The second section of the report describes how the program progressed according to these three broad approaches. It brings together all of the texts submitted by the artists to the museum during the preliminary phases of their projects or written after the fact by curators Tuchman and Livingston. The documents pertaining to the transactions (even if unsuccessful) between LACMA, the artists and the partner companies are included in the publication, many accompanied by technical diagrams and photographs of the numerous design and production steps inherent in the projects. For some projects where only technical assistance was requested by the artist and no other collaboration was involved, the texts meticulously describe the material realization of the work (Oyvind Fahlstrom, Boyd Mefferd, Richard Serra). Other texts outline the difficulties encountered during the process, stemming from the exchange between artist and corporation. For example, in one summary, we learn that John Chamberlain was shunned by the employees of Rand Corporation after he chose to involve himself in their day-to-day work rather than use the expertise made available to him.
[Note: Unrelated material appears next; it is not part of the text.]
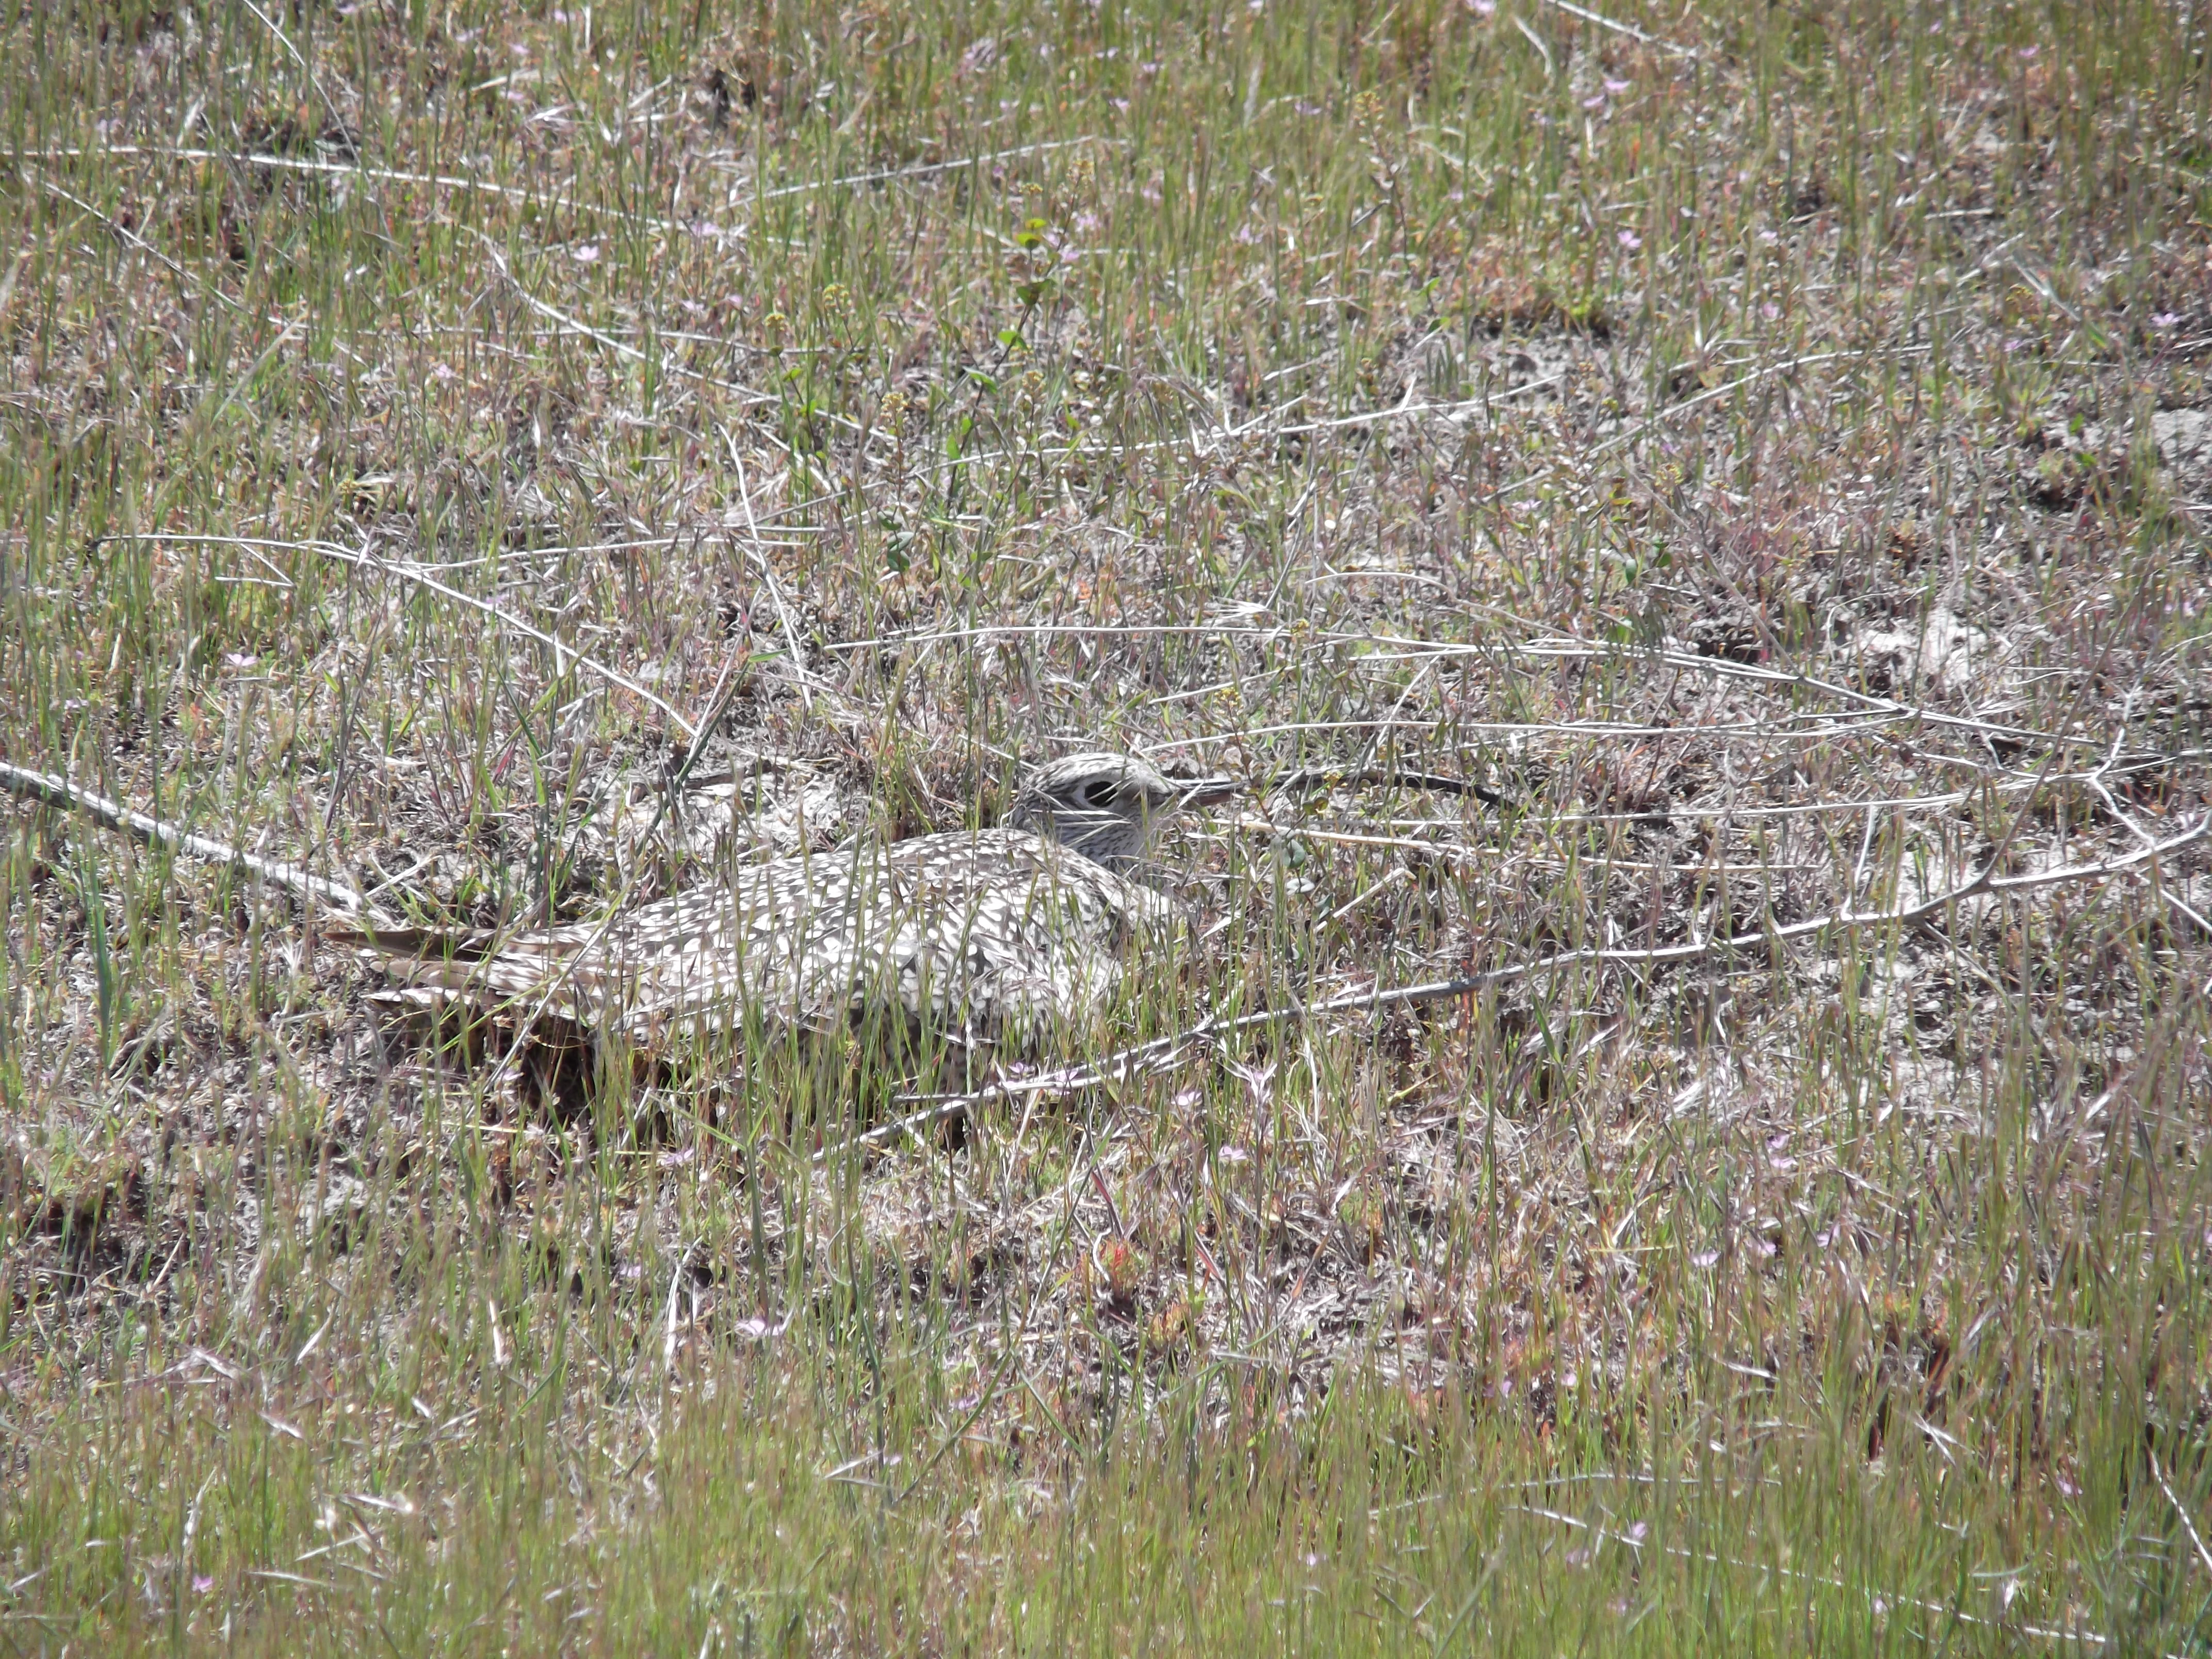 A curlew sitting tight on the nest. Photo by Jessica Pollock

Livingston also categorizes the first meeting between poet John Marlow and IBM engineers as a failure, while a previous pairing of the artist with Information International, another computer company, resulted in conditions that fostered a successful collaboration.

The text on the ultimately successful Oldenburg project primarily deals with the artist’s ambivalence to the rigid work methods imposed by the Disney Corporation. Conversely, descriptions of the Robert Whitman and Robert Rauschenberg projects demonstrate the extent to which diplomacy and technical expertise could contribute to a project’s success (both artists knew the collaborative process well, having co-founded Experiments in Art and Technology) (1). In an isolated example of subordination by an artist in the program, Livingston explains that Andy Warhol delegated certain important aesthetic decisions to representatives of Cowles Communications, Inc.

Moreover, proposals bordering on conceptual art saw knowledge acquisition replace material gains as a concrete result of the program.

Robert Irwin and James Turrell, the only artists who teamed up for the program, took advantage of their residency at the Garrett Corporation to conduct research into perception conditioning. The text describes the various sensory deprivation experiments conducted in the anechoic chamber of the University of California, Los Angeles, and the conference that followed as the only activities of this project. Similarly, James Lee Byars suggested that his presence at the Hudson Institute and the various activities he organized while there constituted an artistic and not a derived work (“Putting Byars at the Hudson Institute is the artistic product”).

The report’s final section consists of historical notes on each participating company together with its logo and its artist in residence, followed by a list of the companies that were approached by LACMA but declined to participate.